*** Opening of Recorded information ***

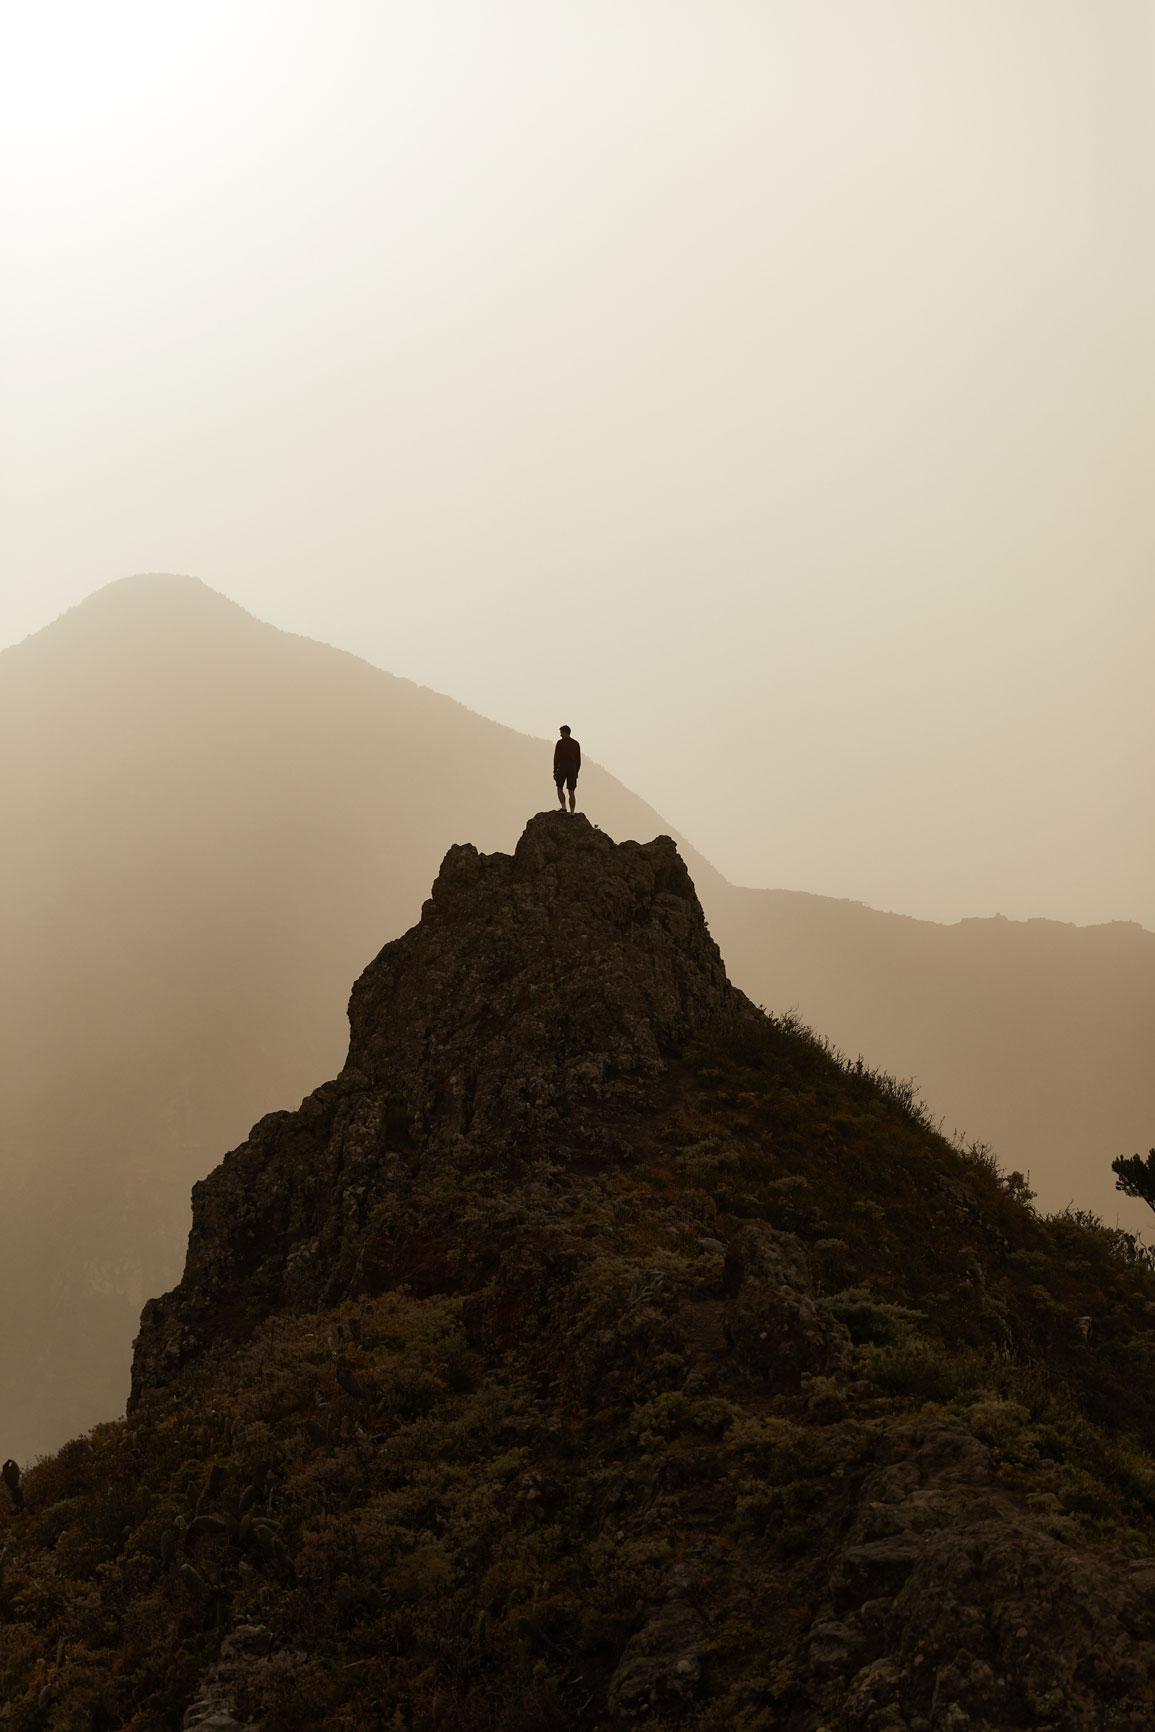 photographe outdoor en randonnée dans les montagnes de tenerife
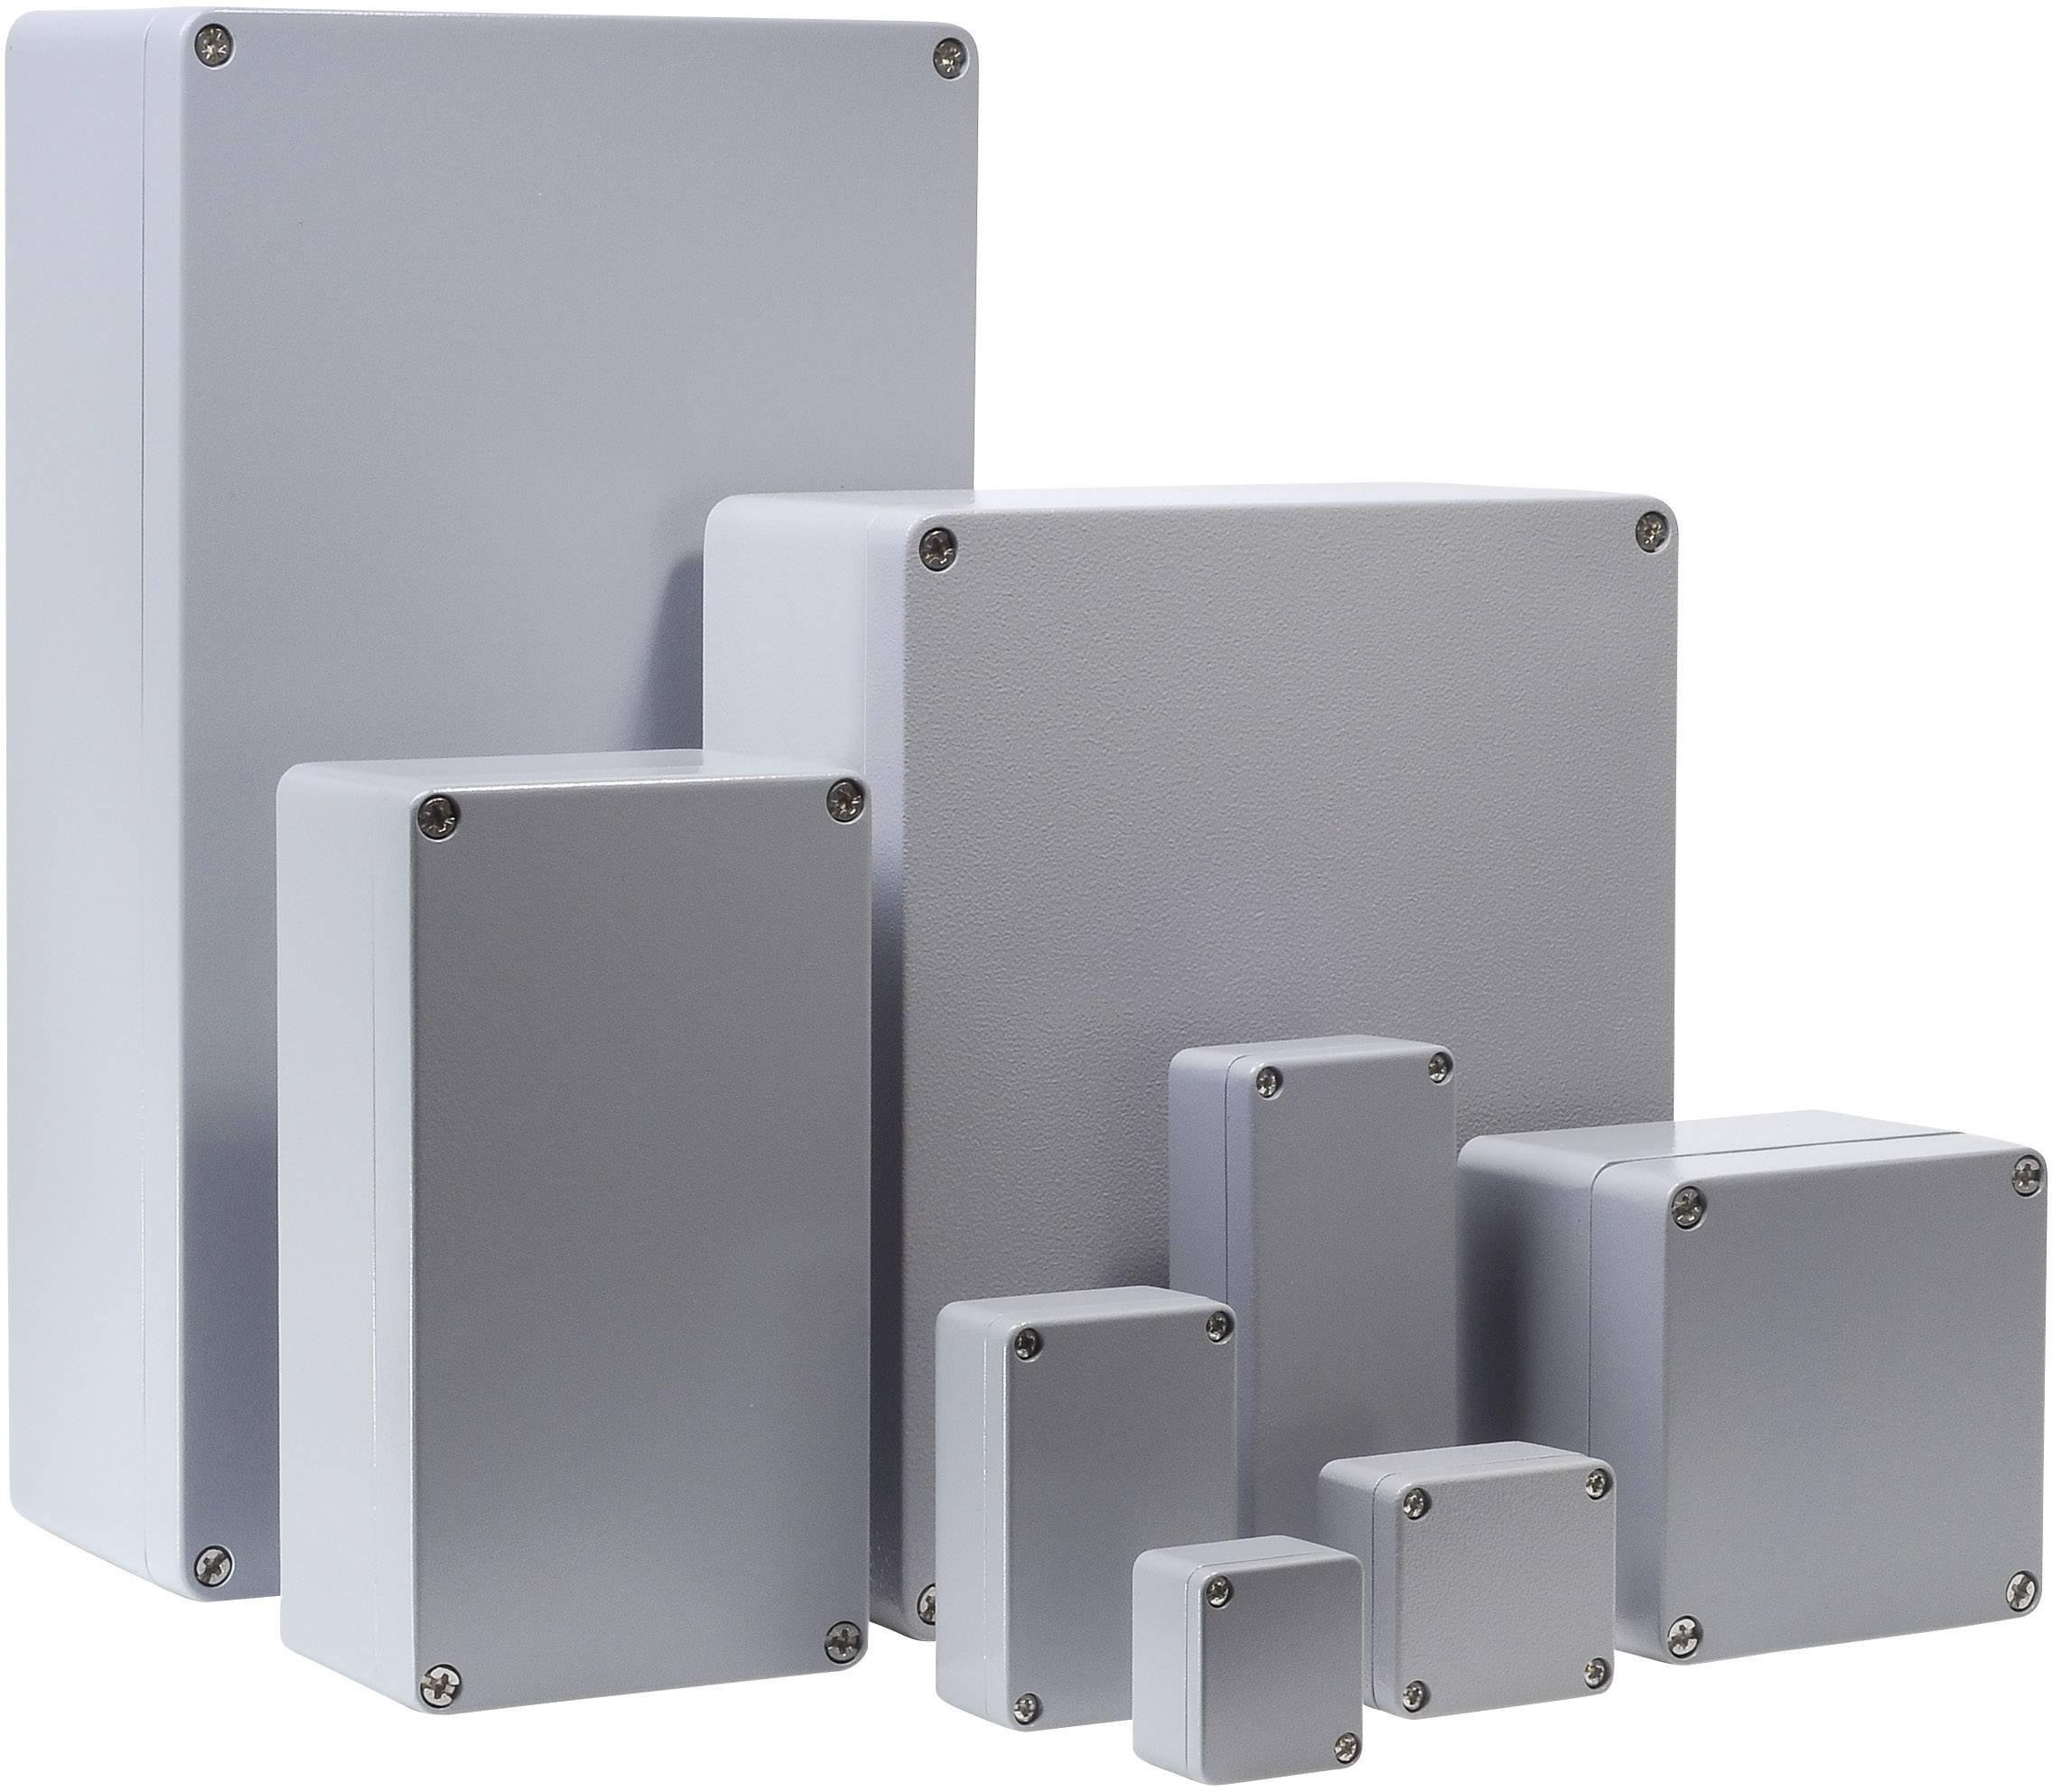 Univerzální pouzdro hliníkové Bernstein AG CA-100, (d x š x v) 150 x 64 x 36 mm, stříbrná
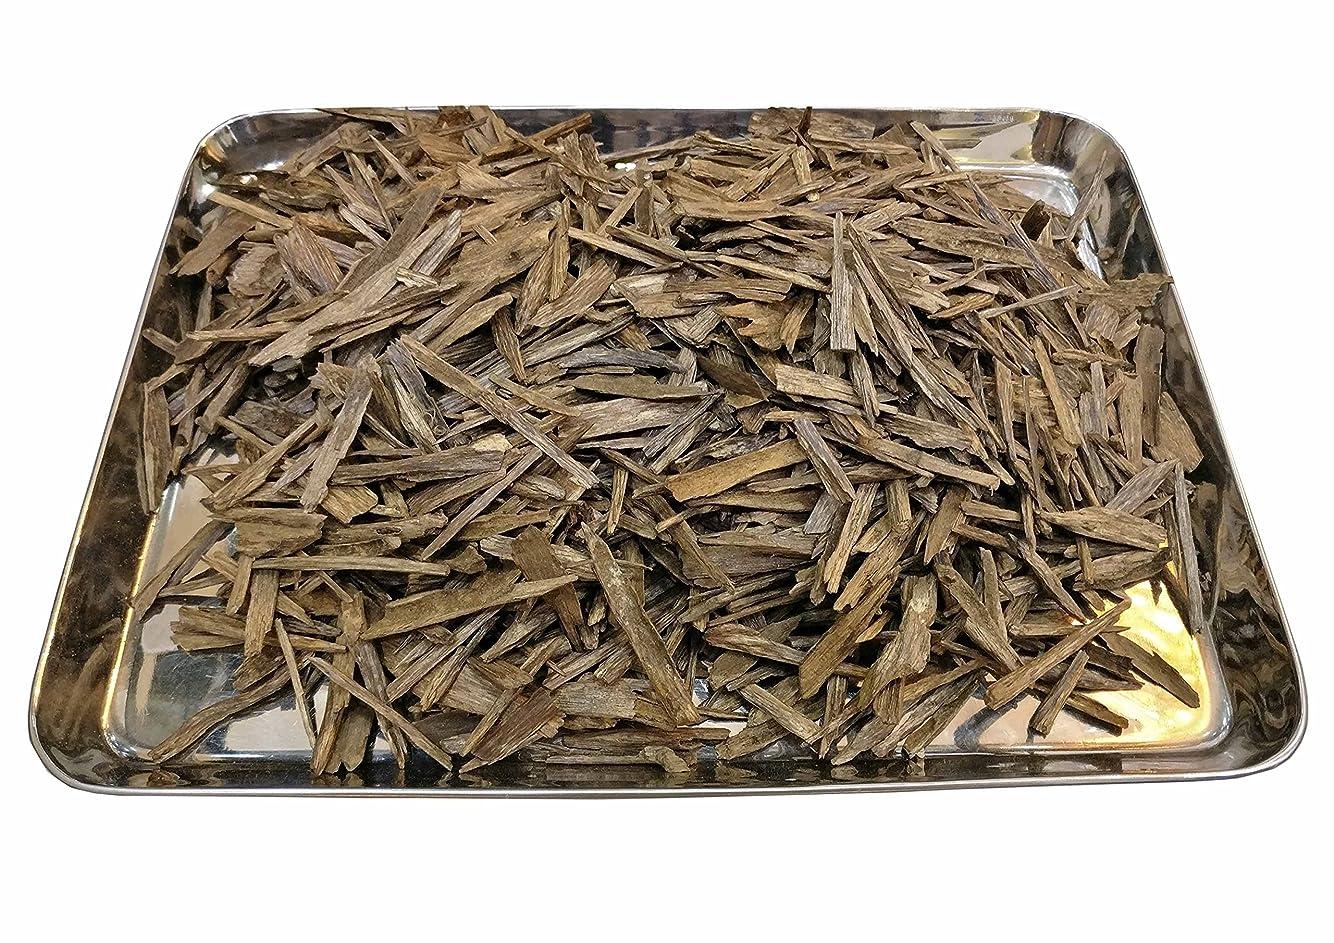 秘書甘くするグラディスAgarwood /インドOudh 1?kg特別仕様Selected Pieces。Wholesale Lot。期間限定キャンペーン。

*** Close of Recorded information ***

No pictures belong in the answer; copy all other parts of the listing exactly.

• _Reply to the task_
 photographe outdoor en randonnée dans les montagnes de tenerife
 Univerzální pouzdro hliníkové Bernstein AG CA-100, (d x š x v) 150 x 64 x 36 mm, stříbrná
 秘書甘くするグラディスAgarwood /インドOudh 1?kg特別仕様Selected Pieces。Wholesale Lot。期間限定キャンペーン。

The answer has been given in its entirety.